Brief:
Your answer must consist solely of the line containing "TITLE: Les Amours Jaunes Flower of Art" and each line after it through the end of the data, copied exactly.

Input:
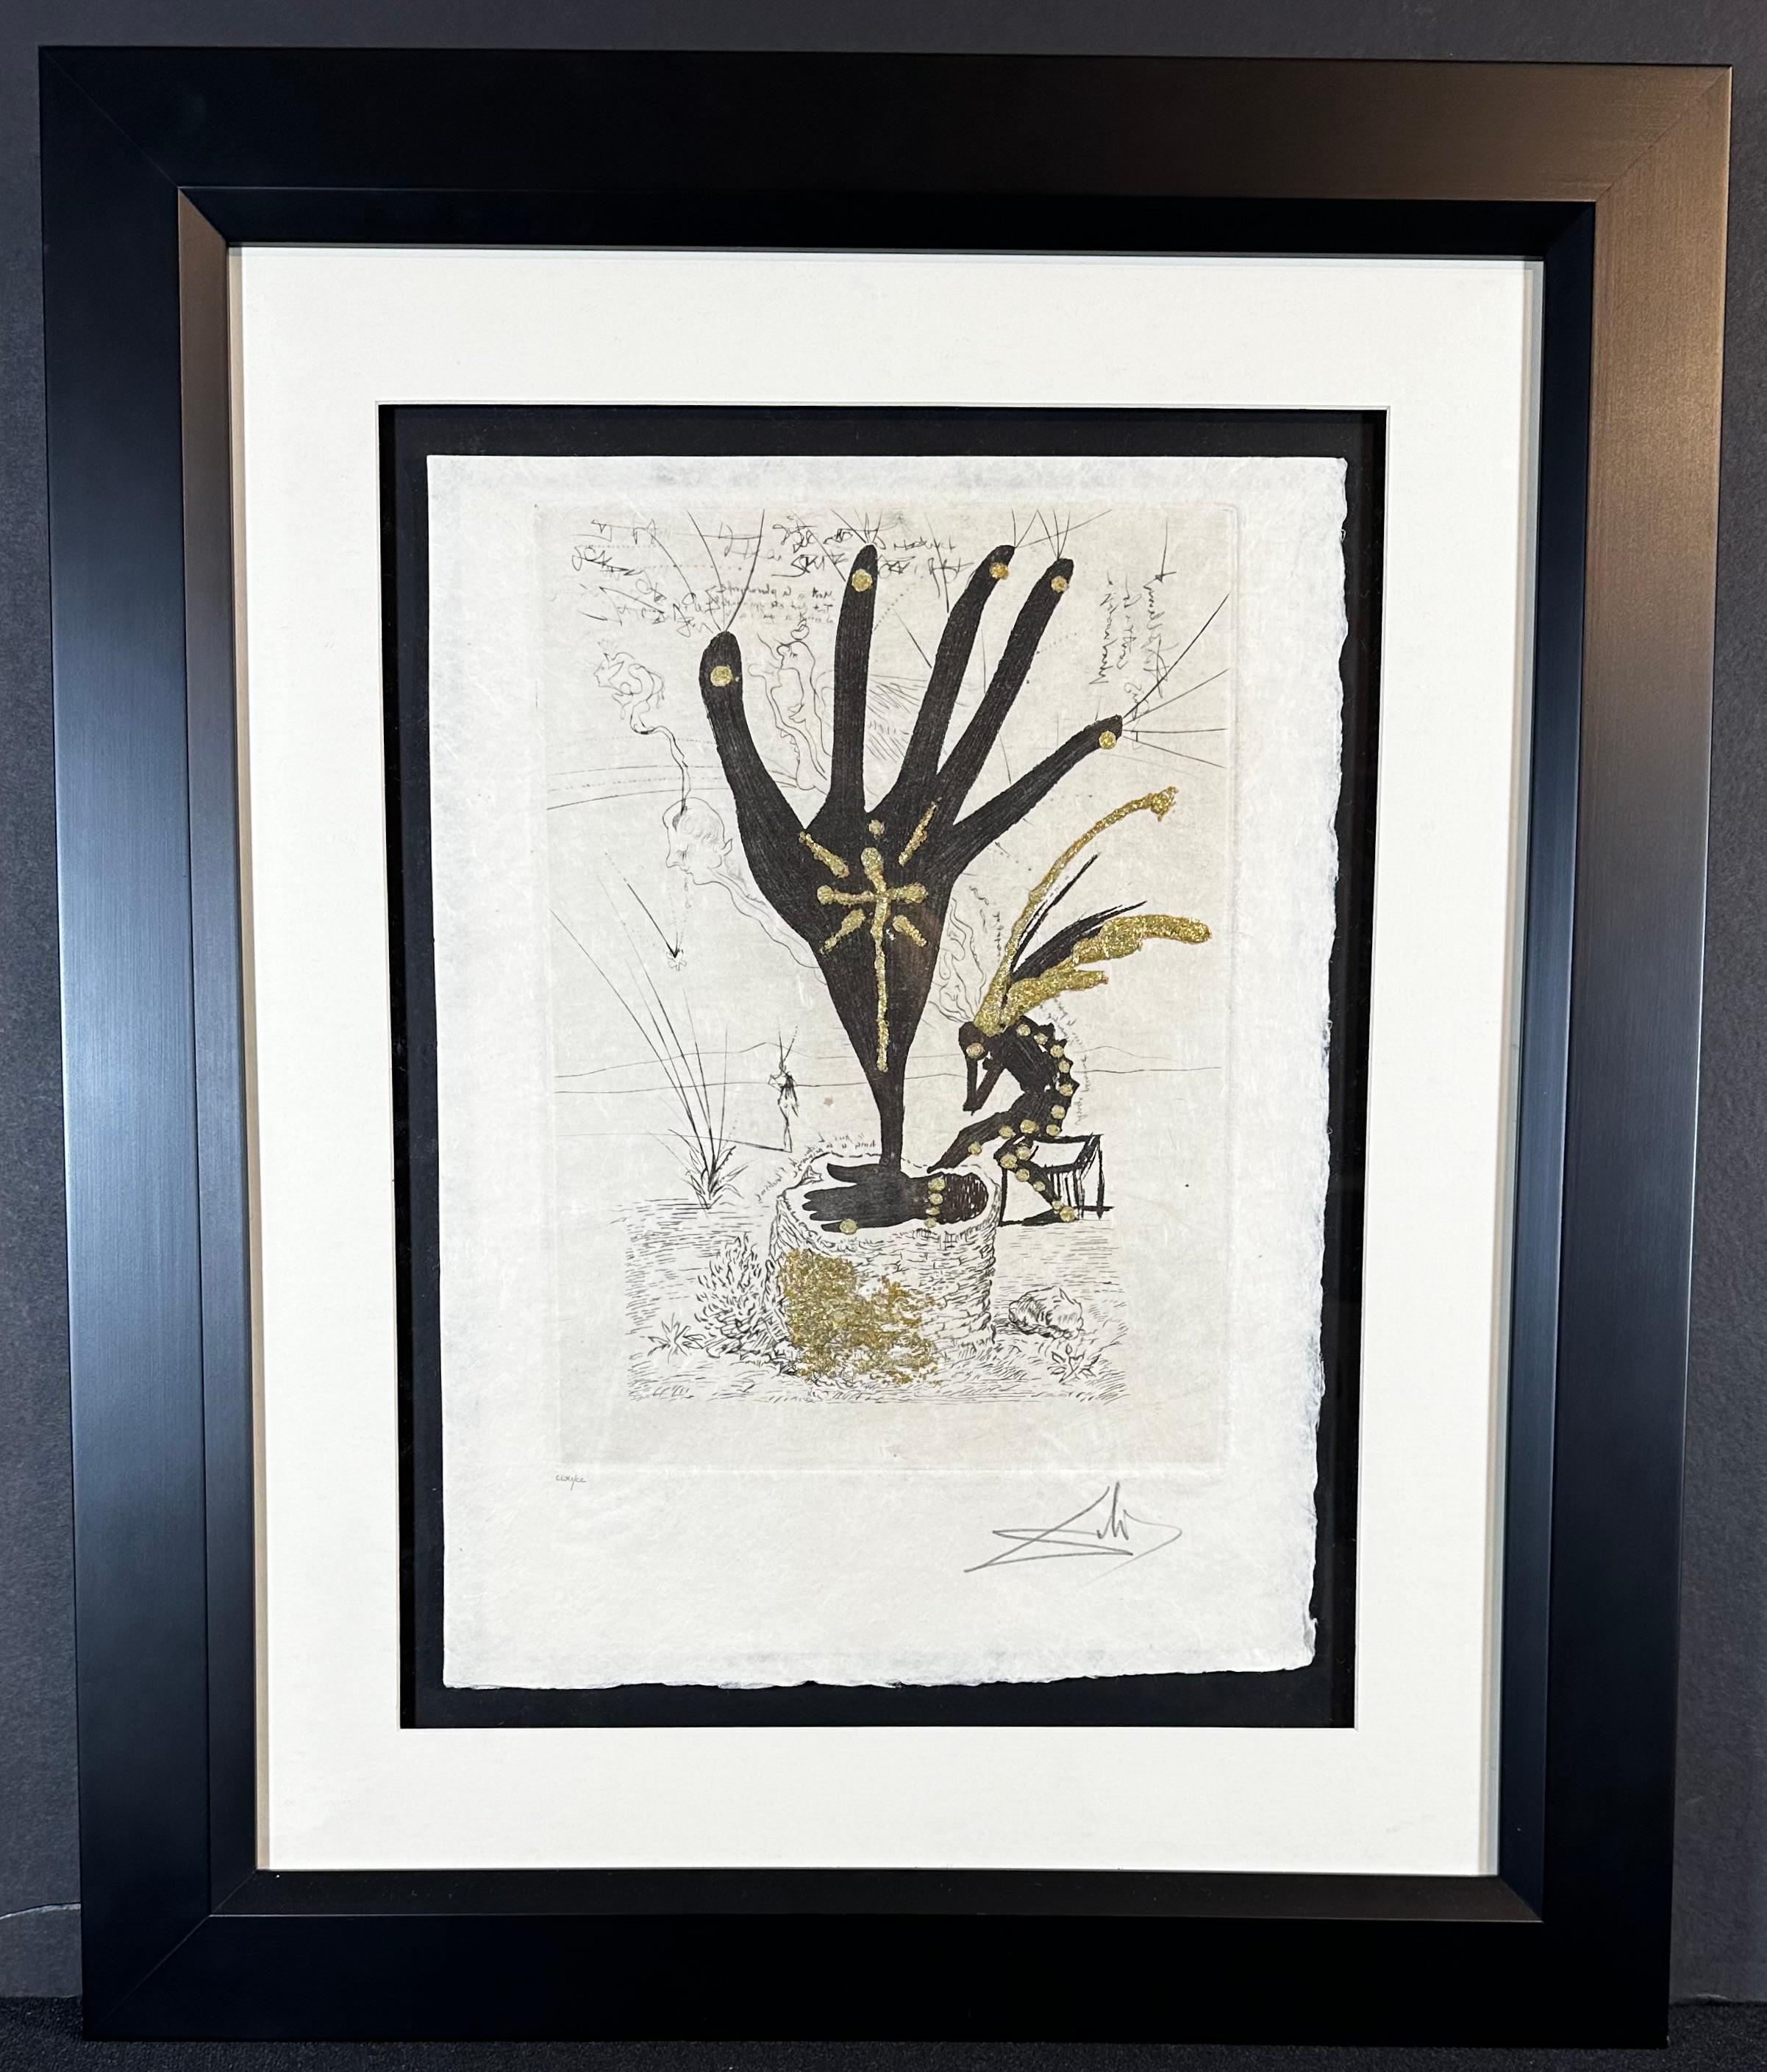 ARTIST: Salvador Dali

TITLE: Les Amours Jaunes Flower of Art

MEDIUM: Etching + Gold Flakes

SIGNED: Hand Signed 

EDITION NUMBER:  CLXII/CC

MEASUREMENTS: 11

Written response:
TITLE: Les Amours Jaunes Flower of Art

MEDIUM: Etching + Gold Flakes

SIGNED: Hand Signed 

EDITION NUMBER:  CLXII/CC

MEASUREMENTS: 11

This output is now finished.